All of these problems can be addressed through existing Ethnologue mechanisms.3However, OLAC metadata and service providers could offer complementary remedies.
Controlling element content. The Language and Subject.language elements permit the language code to be specified in the code attribute, while the element content is unrestricted. A community of Formosan scholars could develop a controlled vocabulary for identifying speech varieties down to any level of detail they liked, and then use those terms as the content of the Language or Subject.language element. For example, the following are five varieties of the Bunun language:
<language code="x-sil-BNN">Northern/Takituduh</> <language code="x-sil-BNN">Northern/Takibakha</> <language code="x-sil-BNN">Central/Takbanuaz</> <language code="x-sil-BNN">Central/Takivatan</> <language code="x-sil-BNN">Southern/Isbukun</>
If no Ethnologue code corresponded to the group of languages in question, as in the Amis/Nataoran case, the code attribute could be omitted (though this would prevent recall on the Ethnologue code). This general approach could be formalized by permitting subcommunities to register an encoding scheme as a controlled vocabulary with a unique name. That name would be specified as the value of a new scheme attribute, and the element content would be constrained to be an item from the corresponding vocabulary. These approaches would address the problems of over-chunking and omission.

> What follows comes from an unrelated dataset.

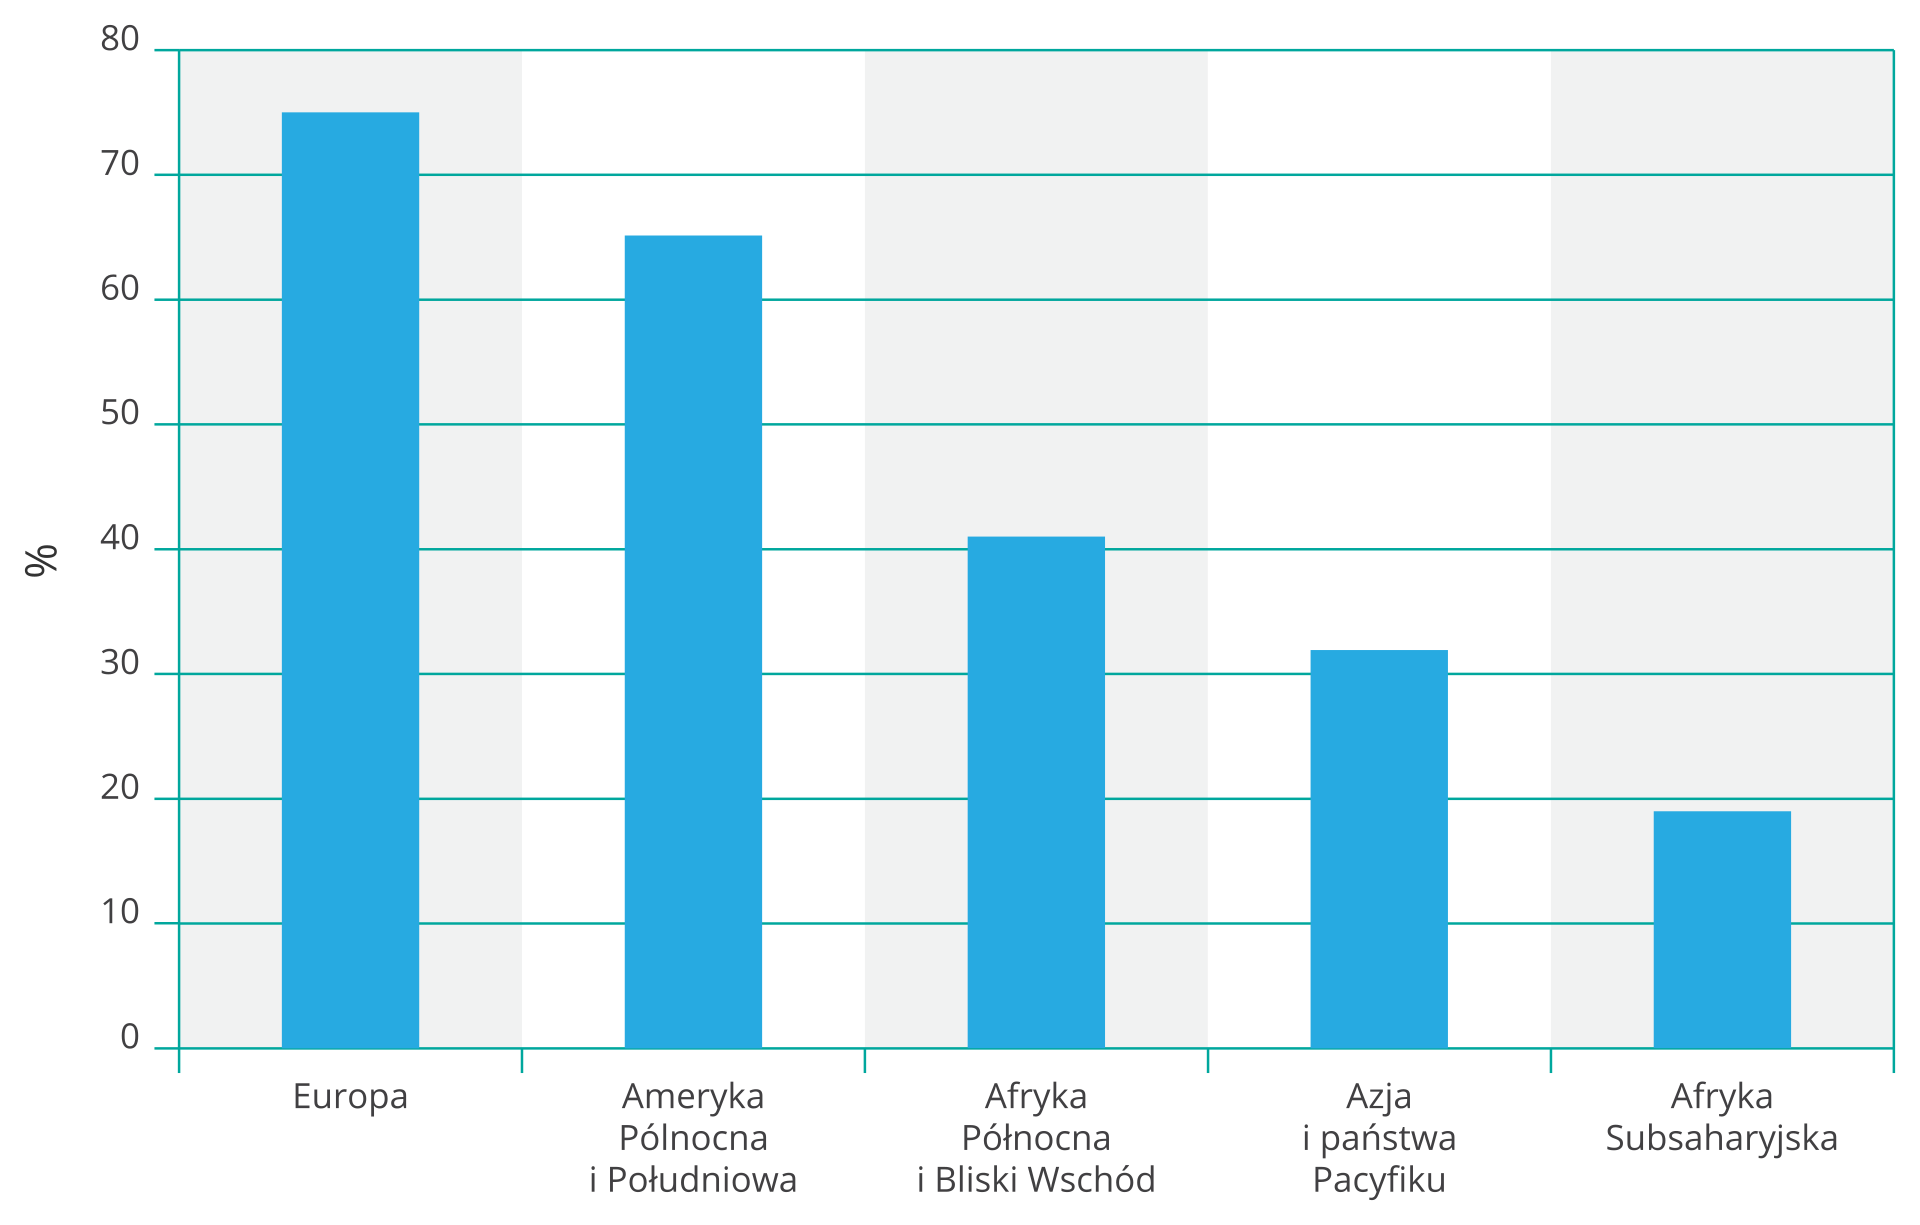 Na ilustracji wykres słupkowy. Na osi pionowej z lewej strony wartości od zera do osiemdziesięciu w procentach, odsetek użytkowników Internetu. Na osi poziomej opisano kolejno od lewej: Europa, Ameryka Północna i Południowa, Afryka Północna i Bliski Wschód, Azja i państwa Pacyfiku, Afryka Subsaharyjska. Pięć niebieskich słupków, coraz niższe od siedemdziesięciu pięciu (Europa) do dwudziestu procent (Afryka Subsaharyjska).

Registering language groups with an OLAC registration service. While the classification of a language is sometimes treated as metadata for resources in that language, we believe that a more appropriate location for this type of finding aid is in OLAC service providers. OLAC could maintain a language classification server which would house a comprehensive list of language family names and their extensional definitions (i.e. sets of Ethnologue codes). The server would permit users to define their own language group names or their own versions of existing group names. For instance, Academia Sinica could register a language group name AS:Amis with the extension {ALV, AIS}. Searching on their notion of ``Amis'' would return resources classified under both codes. Entire classification schemes with complex hierarchies could be represented in this fashion. OLAC service providers could index their harvested metadata using these names, allowing any user to perform searches using any classification scheme. Over time, the more respected and popular classifications could be identified and accorded due prominence. This mechanism would address the problems of over-splitting and differing classification.